Общество художников-станковистов возродилось; члены его горячо отрицали тот факт, что живопись умерла. Архитекторы снова принялись нагружать здания декоративными элементами. Что касается диспута между «формалистами» и «реалистами», он из цивилизованного диалога выродился в поливание друг друга грязью, если не хуже. Татлин, выступая от имени конструктивистов, обычно говорил: «Материал – носитель содержания работы»; иными словами, предмет необычной, приковывающей взгляд формы, сделанный из стали и стекла, способен выразить жизненную силу машинного века. «Реалисты» отвечали, что это чушь; послание дойдет лишь до людей, которых предварительно к нему подготовили. Так стоит ли стараться? Для художника единственный способ воодушевить рабочих на сталелитейном заводе или в поле – написать их героическую борьбу реалистично; а единственный способ победить в этой игре фотоаппарат – придать фигурам вид более героический, чем на самом деле. Таковы были принципы соцреализма – стиля, который пришел на смену абстракции левых.

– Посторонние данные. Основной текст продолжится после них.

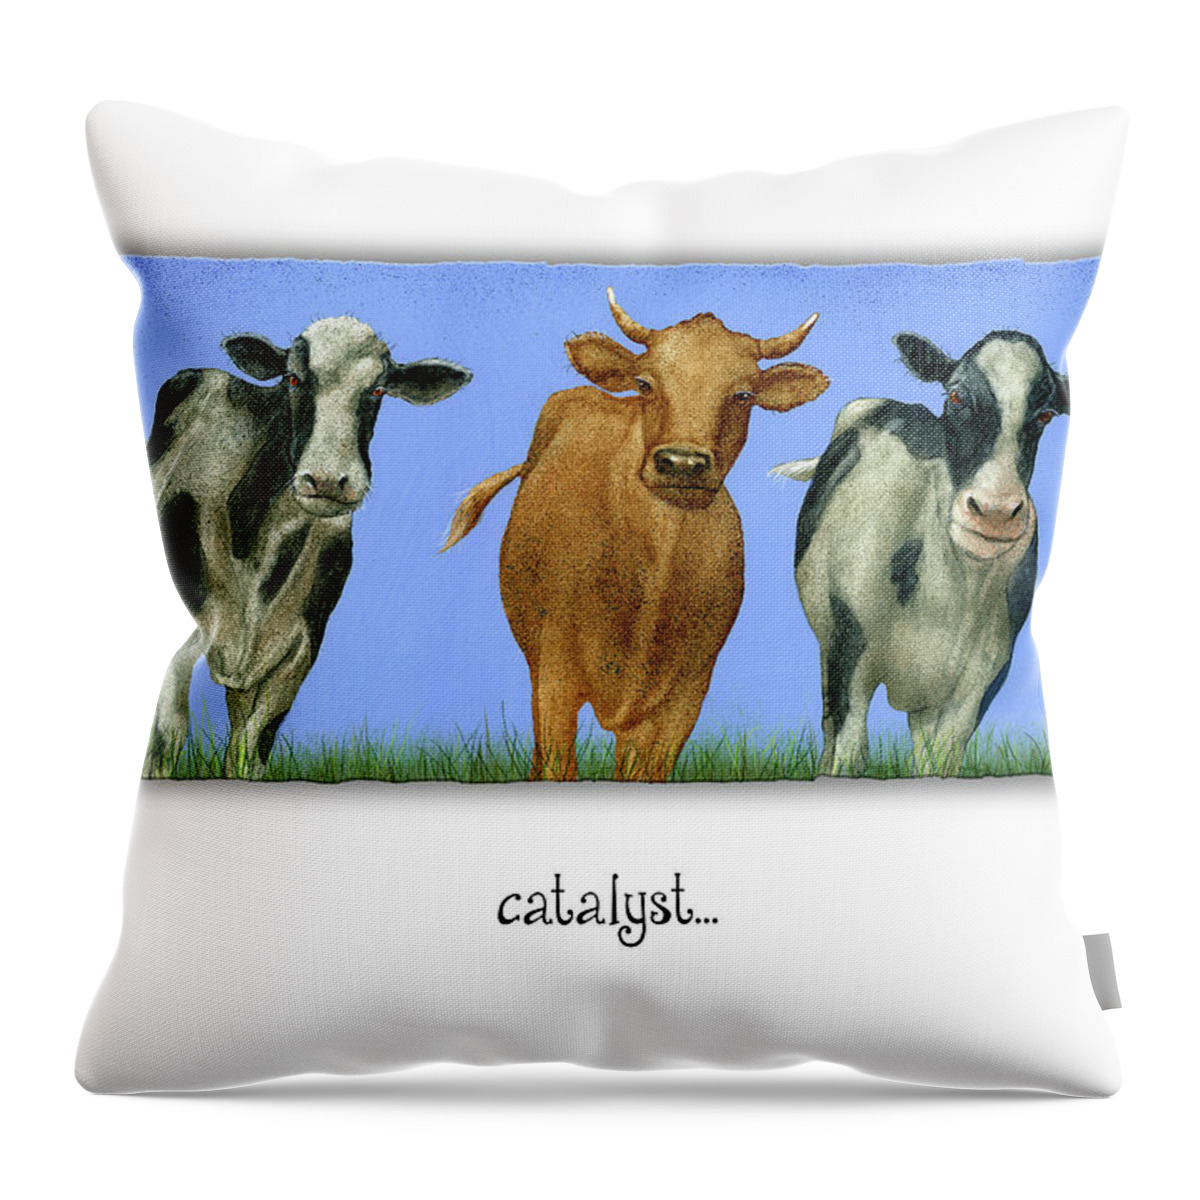 Will Bullas Throw Pillow featuring the painting Catalyst... by Will Bullas

Как бы то ни было, «городская жизнь, преображенная ощущением скорости», левых вскоре разочаровала. В машине им начал видеться враг. Маяковский – добрый великан, носивший в верхнем кармане авторучки, чтобы показать, до чего он современен, – съездил в Америку, сказал, что она хороша для машин, но не для людей, и объявил амнистию Рембрандту, а затем пустил себе пулю в лоб. С его смертью в 1930 году стало ясно, что левому искусству конец. Его действительно задавила партия. Но кроме того, оно умерло от истощения.